Politics

Nebraska voters to face competing abortion amendments

The secretary of state said both measures had gathered more than the required 136,000 valid signatures.
Hundreds of people descend on the Nebraska Capitol, in Lincoln, on Tuesday, May 16, 2023. (AP Photo/Margery Beck)

Nebraska voters will decide in November whether to add amendments to the state constitution that would protect the right to an abortion and limit the right to an abortion, the first time in state history that contradictory measures have appeared on the same ballot.

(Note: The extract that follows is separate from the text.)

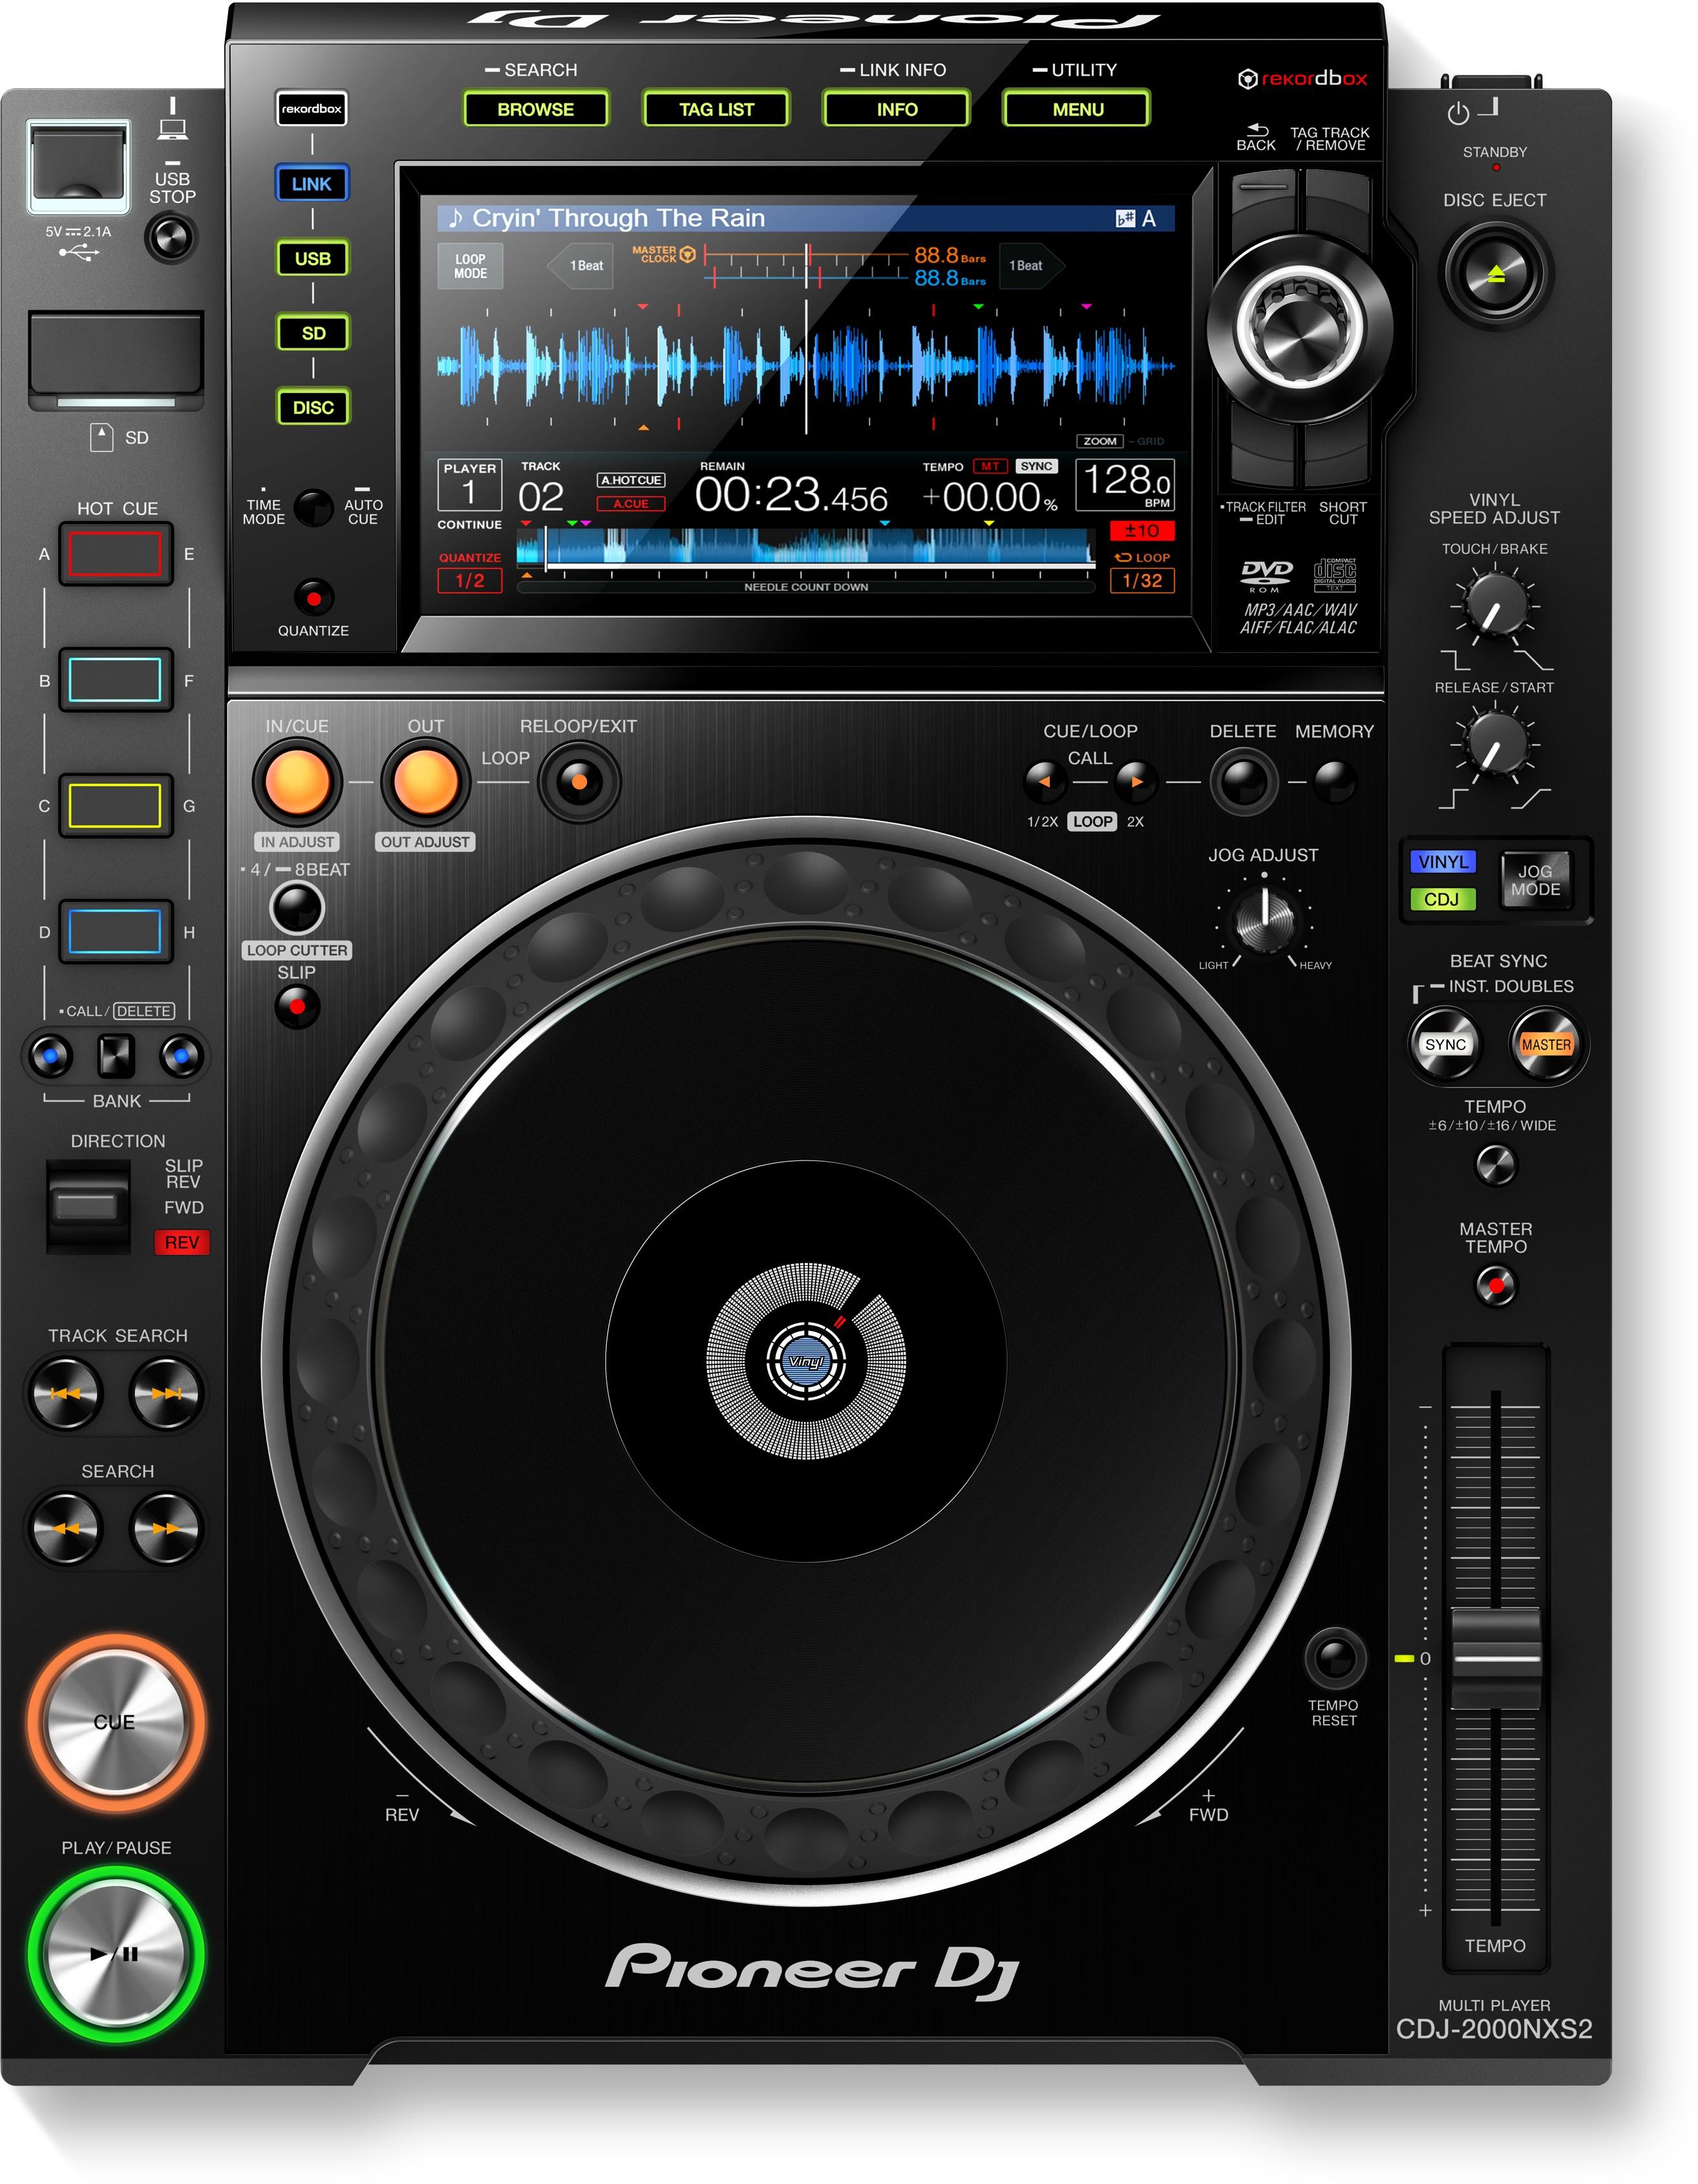 CD-/USB-/Cassette players

In a statement Friday, Secretary of State Robert Evnen (R) said both measures had gathered more than the 136,000 valid signatures required to qualify for November’s ballot.

One measure, the Nebraska Right to Abortion initiative, would add a new section to the state constitution guaranteeing the right to end a pregnancy until fetal viability, or when needed to protect the life and health of the pregnant mother.

The second proposed amendment, the Nebraska Prohibit Abortions After the First Trimester Amendment, would add a new section stating that “unborn children shall be protected from abortion in the second and third trimesters,” with exceptions for medical emergencies and pregnancies resulting from sexual assault or incest.

Current state law bars abortions after 12 weeks of pregnancy. The word “abortion” does not appear in the state constitution.

Though it has never happened before, Nebraska state law does contemplate a situation in which conflicting measures both pass in the same election. Evnen’s office cited state law that allows the measure that receives the most affirmative votes to prevail. State law allows the governor to determine whether there is a conflict between two initiatives that pass.

That highest-vote rule is common in other states. Political scientists Daniel Smith and Catherine Tolbert found that in 24 states that allow ballot measures, 16 use highest-vote rules to determine a winner. Two other states, Maine and Washington, require voters to choose between competing initiatives.

Though it is rare for conflicting ballot measures to appear in the same year, it has happened in the past. Smith and Tolbert found 56 instances of competing proposals that appeared on the ballot between 1980 and 2006 in eight states: Arizona, California, Colorado, Massachusetts, Montana, Nevada, Oregon and South Dakota.

In 1988, California voters faced five competing initiatives supported by the insurance industry, trial lawyers and consumer groups relating to auto insurance.

A similar situation happened in 2022, when tribal governments and sports betting companies spent hundreds of millions of dollars on two California propositions aiming to expand sports wagering. One measure would have allowed tribes to run sports betting, while another would have expanded sports betting beyond tribal borders; both failed by wide margins.

Nebraska becomes the 10th state with abortion-related measures on the ballot this year, and the only one with both conflicting measures and a measure to restrict abortion rights. In just the last week, elections officials in Arizona, Montana and Missouri have certified abortion rights measures for the ballot, while similar initiatives previously qualified in Florida, Nevada, Colorado, South Dakota, Maryland and New York.

In the two years since the U.S. Supreme Court overturned Roe v. Wade, measures to protect abortion rights have passed in Vermont, Michigan, California and Ohio. Measures to restrict abortion rights have failed in Kansas, Kentucky and Montana, all red states where Republicans hold majorities in the legislature.